Be courteous to all, but intimate with few, and let those few be well tried before you give them your confidence. True friendship is a plant of slow growth, and must undergo and withstand the shocks of adversity before it is entitled to the appellation.

George Washington

I have to agree with George. I've often been struck by the limitations of the word "friend." For instance, consider someone you know from the office and who's fun to be around. You've gone out together a couple of times. Someone asks you "Hey, are you friends with Ernie?" (Let's assume his name is Ernest Holberforce Terwilliger, just for specificity.) 

You'd probably say yes. But the next day you realize you have a real emergency and need to ask someone to drive you 500 miles to Lost Oasis, Ohio, because you lost your license due to traffic violations and you absolutely have to get to Lost Oasis before 9 PM that evening. Is Ernie the person you'd call? Likely not. But you said he was a friend, no? 

Sure, Ernie is a friend but not THAT kind of friend. That's why we need more words for the different grades of friend. And that gets to what old George was talking about.

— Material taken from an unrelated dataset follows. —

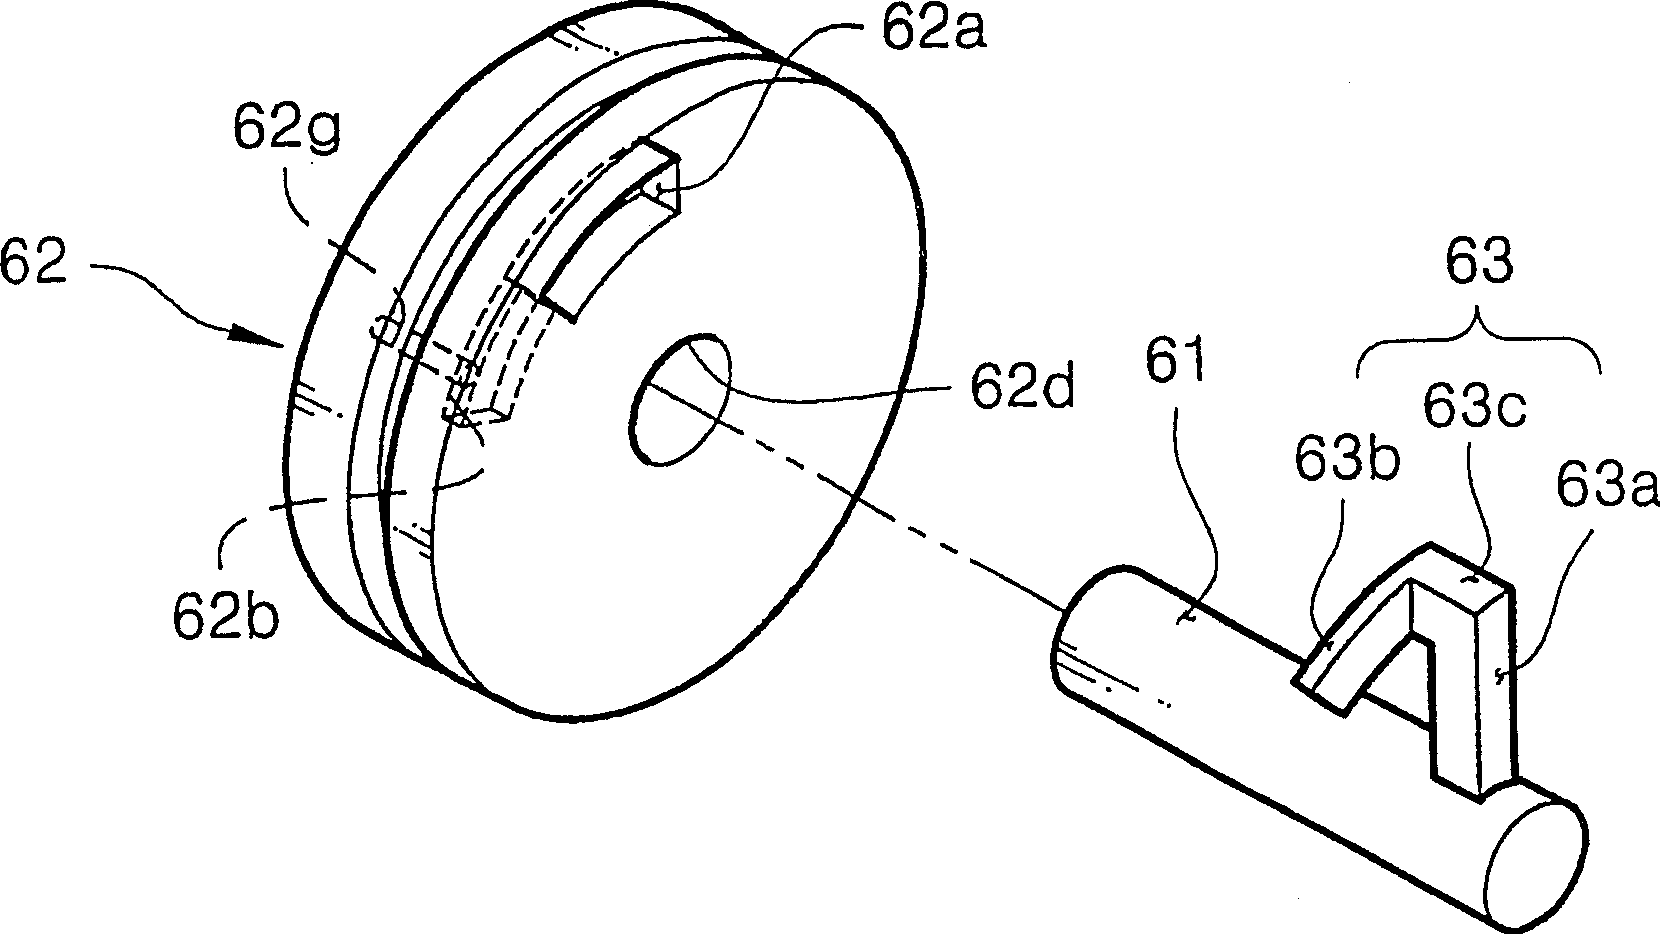 Brake actuating system using an electric motor

There are "friends" and there are FRIENDS. The reality is that the number of FRIENDS you have is probably far smaller than your number of "friends." Furthermore, unless you've really had the opportunity to test them, you may well be unaware of just how high up the "Good Friend Index" someone is. George is right. You can't really have a lot of top rank friends and it takes a long (sometimes tumultuous) time for someone to reach that status. 

What's the corollary? If you do have a really deep friendship with someone, you DO want to maintain it. Like a good reputation, it takes a long time to establish and you wouldn't want to lose it from neglect.